In this post, we will see how does Kubernetes application uses a side-car container to its advantage to implementing new features. More information about what is sidecar container and how it can be used can be found here
For getting into the depth of this topic we will go into the depth of the container world and will figure out what is sharable in between these containers and how do you take advantage of the sidecar in your future project. In future blogs, we will see how Kubernetes implements these sidecars.
Wait why are we discussing Linux namespaces over here. Aren’t we discussing sidecar containers? Well, sidecar containers use the power of Linux namespaces. The main selling point of containers is ISOLATION, right? Here comes Linux Namespaces. Linux Namespaces make sure that two process does not know about each other even running in the same machine.

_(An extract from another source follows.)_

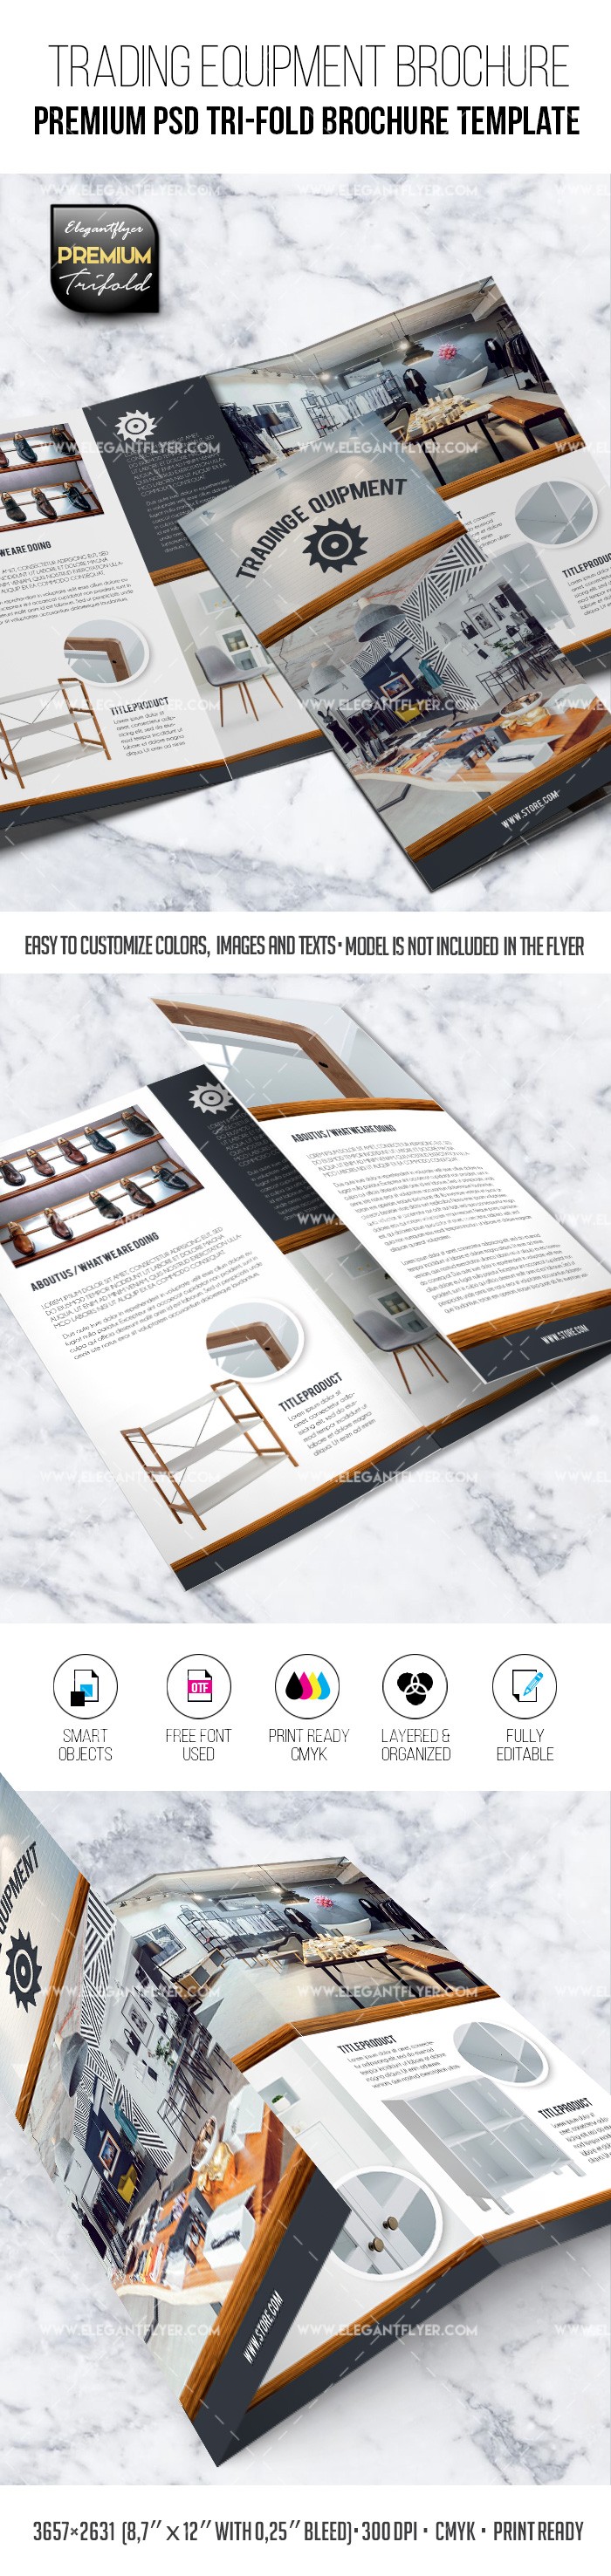 Brochure d'équipement de trading. by ElegantFlyer
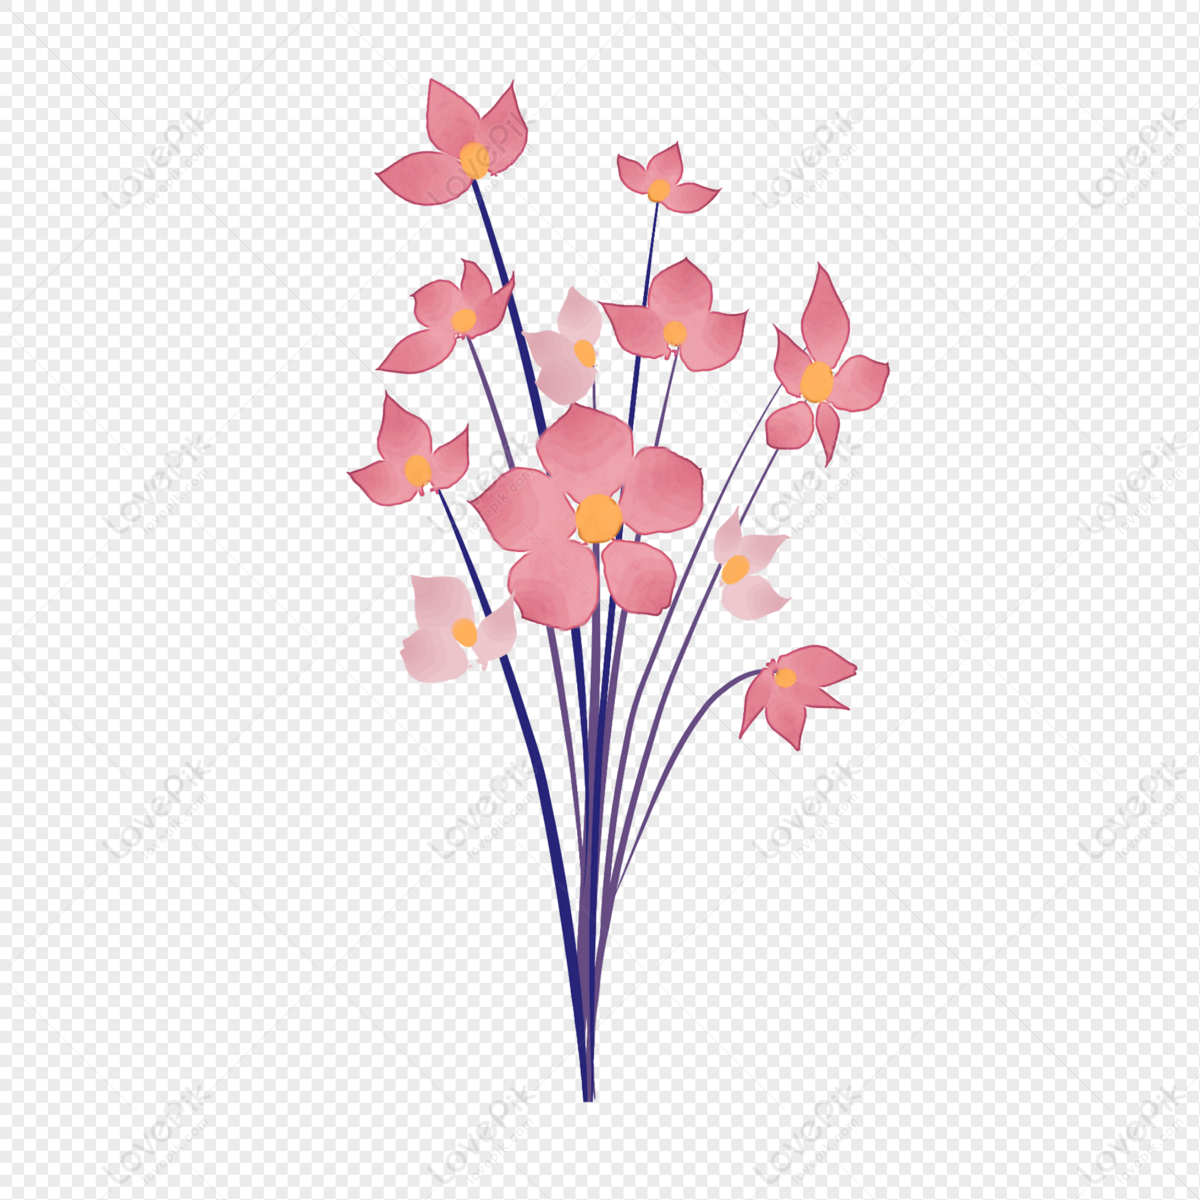 Pink Flower Cartoon png download - 564*705 - Free Transparent

Let’s take the example of https://play.golang.org. It’s a site where the user some go code and share it with others. I know it’s a handy website but you can write some malicious code that can try to read all the processes running in the system and send back the response to you. This is will pose a security threat to the system and we should mitigate risk. So as you can guess Linux Namespace will come to the rescue. So there are different types of kernel namespaces that will work together to provide the ultimate isolation which you need. These are:-
Process Namespace: As the name suggests this will provide isolation for the process. So process running in a single namespace will not be able to see the outside world.
Network Namespace: Provides network isolation.
Mount Namespace: Each process can see its own root directory. This means that the process in the different namespaces will not see each other files.
User Namespace: The process can have root privilege in its namespace.
UTS(Unix TimeSharing System) Namespace: Segregation of hostnames.
IPC Namespace: Separating IPC resources.
Above is the image which tells us how to process is bounded by boundaries(namespaces). Now it’s time to address the elephant in the room, right? If the process lives in its own boundary then how do resources being shared among sidecar containers. The answer to this is simple Sidecar containers share namespaces. It does not share all namespaces but some namespaces which will help us to do some wonderful things. The question of how does it do it will be questioned which we will discuss in a different blog.
Now you can see the namespace being shared between the containers. Not all namespaces are being shared. Through Namespace sharing, we can implement a number of features like:-
Some application does not emit metrics and you need third party tools to do it. Example Redis exporters. Redis does not emit metrics by default. It hits the Redis running at localhost and then gathers information and exposes it.
It uses an envoy proxy as a sidecar container. It uses the advantage of a shareable network namespace. It hijacks the traffic coming or going out to the container and let’s do some cool things.
Vault’s Realtime Secret Update
Hashicorp Vault uses sidecar containers to provide real-time secrets to main applications
These are some profound use cases of sidecar containers. In the upcoming blog, we will see what does Kubernetes does under the hood to implement a sidecar container mechanism.